PollyReports Tutorial

I’ve noticed that acceptance of a new software module or package for developers in the Open Source/Free Software world is greatly affected by the availability of a good tutorial. I mean, it seems obvious, doesn’t it? But I’ve also noticed that the original author of a project rarely writes a good tutorial.

EDIT 6/20/2012: I’ve moved the tutorial to PyPI; find it here:

http://packages.python.org/PollyReports/tutorial.html

What do they say about battle plans?

So, after posting that PollyReports was ready for use, I actually used it last night with a small report for one of my clients.  Turns out, it still needed work.

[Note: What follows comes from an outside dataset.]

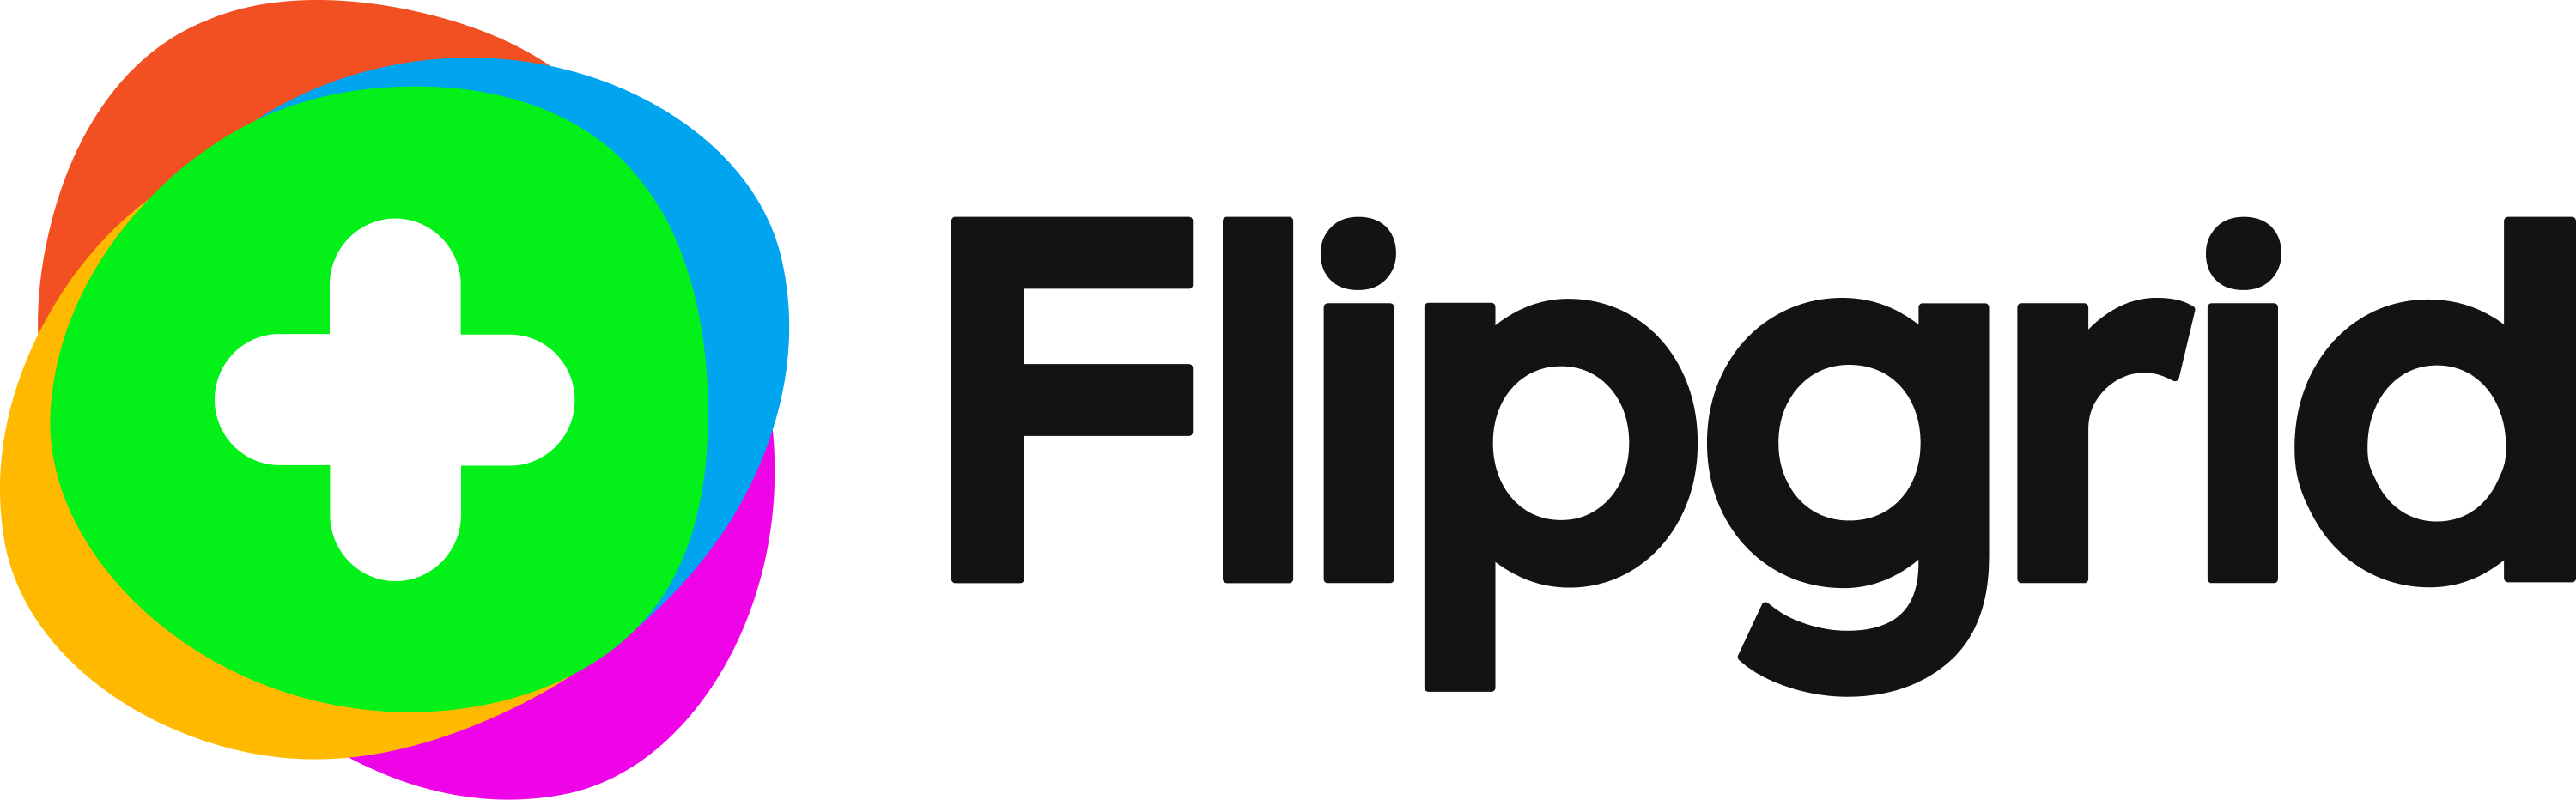 Flipgrid_Logo.png

But now, it works.  There were a couple of things I had just plain forgotten, like… what if there are newlines in an Element’s text?  Answer: break up the text into lines and print them one after the other in vertical alignment, using the given font size and leading to space them out.  What about page numbers?  Well, oops.  I’ve added a sysvar parameter to Element initialization that can be used to access any of the parent Report’s variables.  All I really want is “Report.pagenumber” but I can see that there may well be other uses for this.

Though this particular report didn’t use it, I have other client’s reports that used Geraldo’s event system (mainly so the user wouldn’t decide a slow-generating report was borked).  Rather than add all those event hooks to PollyReports, I added just one: an onrender parameter added to Element, which is automatically passed to the Renderer when it’s instantiated.  When Renderer.render is called (i.e. when the data is actually output), onrender is called with a single parameter, a reference to the Renderer.  Assuming you called that parameter “obj”, the Element which spawned the Renderer is accessible as obj.parent, and the Report as obj.parent.report.

Making progress…

Wow, PollyReports.py is already usable!

I started on PollyReports yesterday morning, and as of right now, it’s usable.  It’s true, PollyReports lacks some functionality from Geraldo Reports, but as I said in my post yesterday, that was the plan.  Keep it simple, Stanley, or something to that effect.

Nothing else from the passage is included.